Providing agents with functions that need arguments

I’m not sure how to do this correctly but the answer provided in this post is wrong:

I want to raise this because this is the first result that comes up.

If I have a function train that requires arguments, the following will raise an error.

wandb.agent(
            sweep_id=sweep_id,
            function=train,
            count=count,
        )

Following the advice in the post I linked

wandb.agent(
            sweep_id=sweep_id,
            function=train(args),
            count=count,
        )

does NOT work. This will execute the train function!
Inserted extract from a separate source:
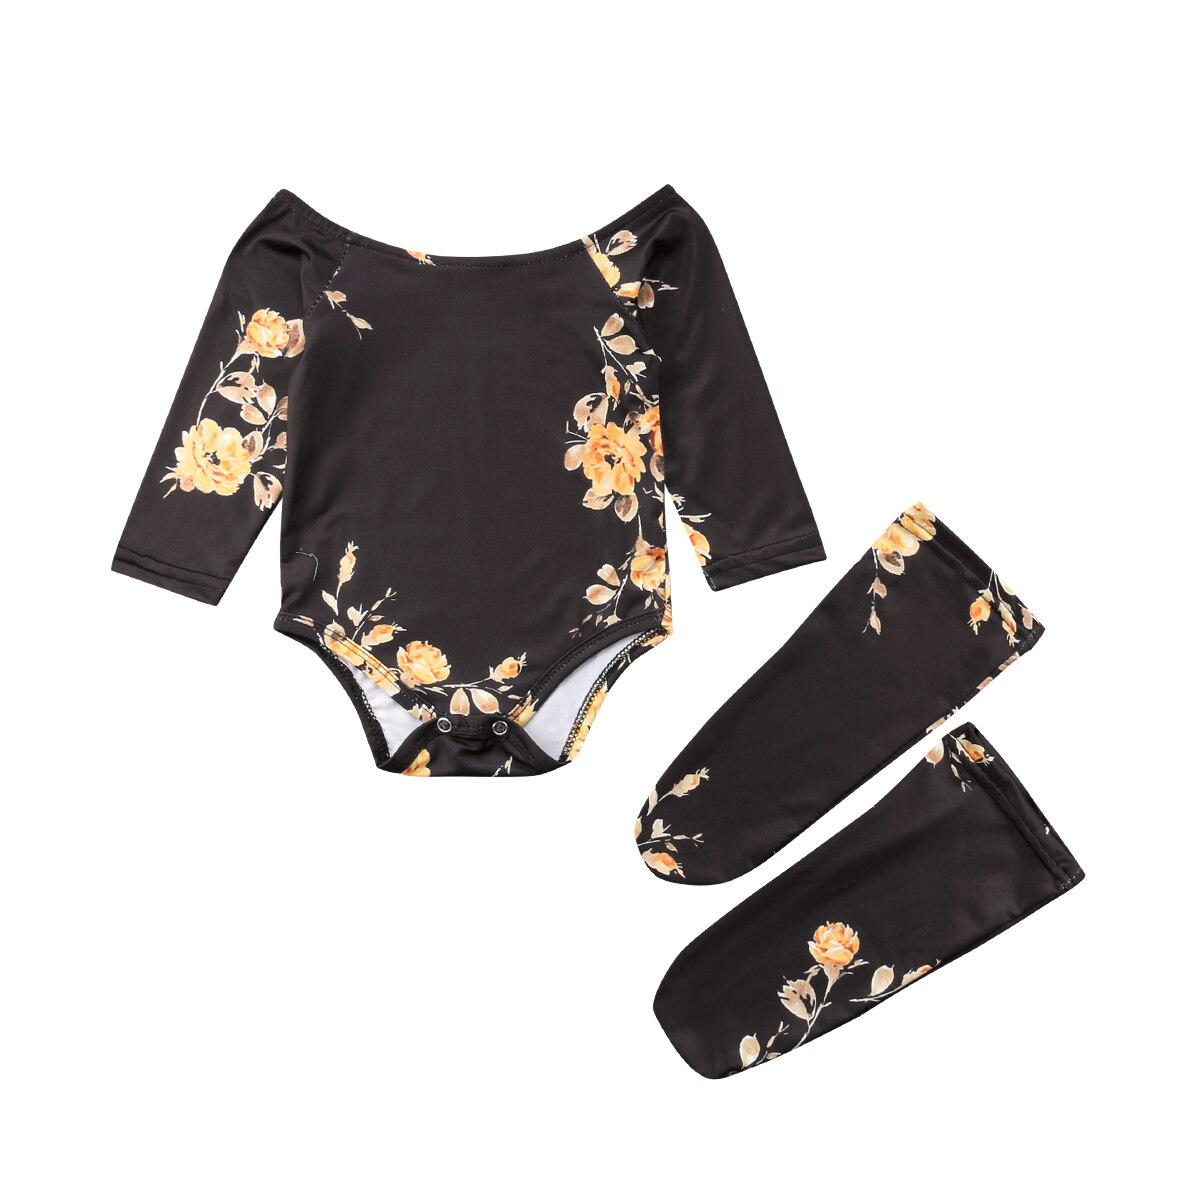 Eerlijkheid 2018 Baby Meisje Zuigeling Off Shoulder Bloem Goud Zwarte Bloem Bodysuit Jumpsuit + Beenwarmers Outfits Herfst Kleding Crazy Prijs

I do not want to execute the train function myself, I want wandb.agent to do that for me. My hack was to define global variables and have my train function use those, but I don’t love that solution. Either way, if you can still edit this answer or update the post, please do so @luis_bergua1

Hi @nishantaswani ,
To pass args to your training script, you can use command in your sweep config as follows.

For example:

program: main.py
metric:
  name: val_loss
  goal: minimize

method: bayes
parameters:
  optimizer.config.learning_rate:
    min: !!float 1e-5
    max: 0.1
  experiment:
    values: [expt001, expt002]
  optimizer:
    values: [sgd, adagrad, adam]

command:
- ${env}
- ${interpreter}
- ${program}
- ${args}

The ${args} key expands to all the parameters in the sweep configuration file, expanded so they can be parsed by argparse: --param1 value1 --param2 value2

Docs link for reference.

Please let us know if this helps.

Hi @nishantaswani , I wanted to follow up on this request. Please let us know if we can be of further assistance or if your issue has been resolved.

Hi @nishantaswani , since we have not heard back from you we are going to close this request. If you would like to re-open the conversation, please let us know!